As Edward Said has argued, the problem is not Israeli Zionism but American Zionism, for the real power to stop Israeli aggression resides in the government of the United States. And though one can rightfully lay a large measure of blame on the American media, which has successfully obscured the justice of the Palestinian struggle, some measure of responsibility must be laid at the feet of the Palestinian leadership itself, which has never understood the urgency of getting its message out and has little talent in that regard.
The first job of the Palestinian Authority must be to state on all occasions, first and foremost–no matter what the putative subject of discussion–that there can be no peace until all the land stolen by Israel in 1967 is returned. That means all of East Jerusalem, the West Bank and the Gaza. Moreover, the refugees must be compensated for their stolen land. No other message is as important to convey and nothing the Palestinian Authority can do in the next year or two is of such importance. No occasion must go by without this single message being at the very center of the Palestinian communication. It must be repeated endlessly and tirelessly, for it is the single truth at the heart of the conflict. Yet rarely if ever do we hear any Palestinian official stating the Palestinian position clearly, simply and unequivocally.
If the Palestinian Authority once thought that the intercession of the United States would return the Palestinian lands and end in a Palestinian nation, it is clear that it was mistaken. The “generous Barak peace proposal” turned into a debacle from which the Palestinians are still reeling. There should be no further ambiguity about what the Palestinian people will accept: nothing less than all the lands stolen by Israel in 1967 and just compensation for the stolen lands of those forced into exile. This is the reality that the Palestinian Authority must convey to the world in general and to the American public in particular. Every statement made by representatives of the Palestinian Authority, no matter what the momentary subject of the communication, must emphasize that the occupation must end, that all the settlements must be dismantled, that all the stolen land must be returned, and that all Palestinian refugees must be compensated. Only under such terms can there be genuine peace.
It would be useful for this purpose if Palestinian officials refused to meet with any United States’ delegations, diplomats, government officials, or negotiators unless those officials publicly aver that the occupation is illegal, that the territories are illegal, that the occupied land belongs to the Palestinian people and that compensation is due all refugees. Whether the United States agrees or refuses to comply with these Palestinian demands, on every occasion when these demand arise, the fundamental Palestinian position will become front page news around the world.
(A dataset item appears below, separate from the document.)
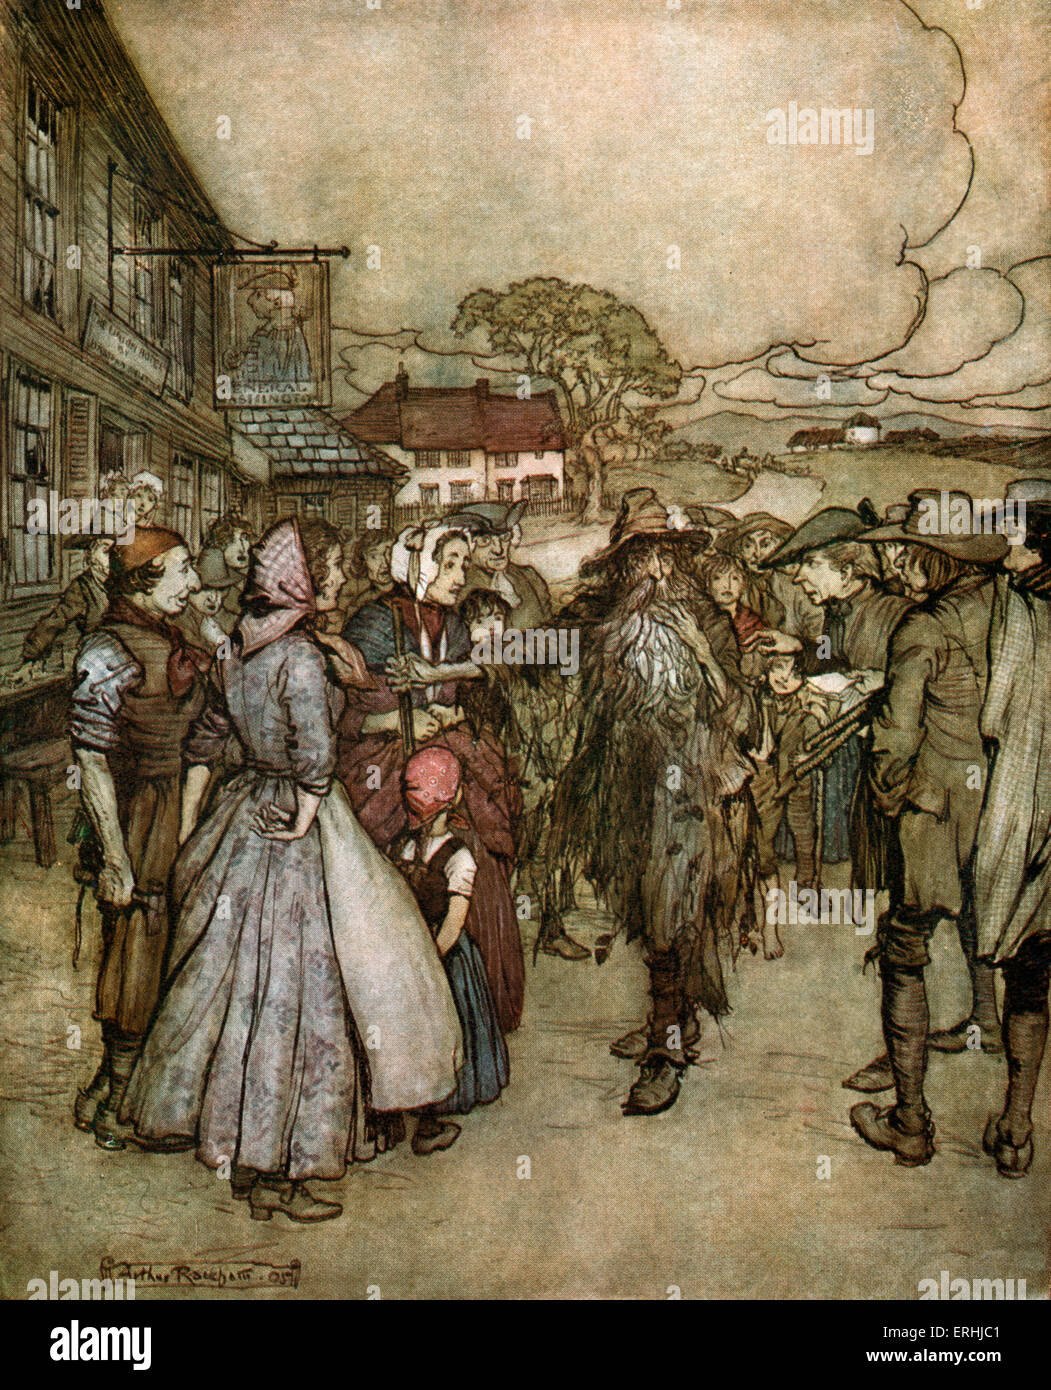 Washington Irving 's short story 'Rip van Winkle' - Illustration by Arthur Rackham, 1904. 'They - Stock Image

If such a communication program is put into effect, eighteen months from now, when a hundred Americans are picked out at random and asked what the Palestinian people are fighting for, they will know. They will know because the N.Y. Times and the Washington Post, and the Eleven O’Clock News and Time Magazine will have been forced to report this constant and consistent Palestinian message. Only through such a program will public opinion in the United States be changed, and with that change will come the kind of public pressure that significantly shifts U.S. policy. Short of this, expansionist Israel will continue to gobble up the rest of the Palestinian homeland while the well-meaning American public continues to wonder what on earth those foolish Palestinians were fighting for in the first place.
Mr. Steve Kowit is a writer and well-known American poet.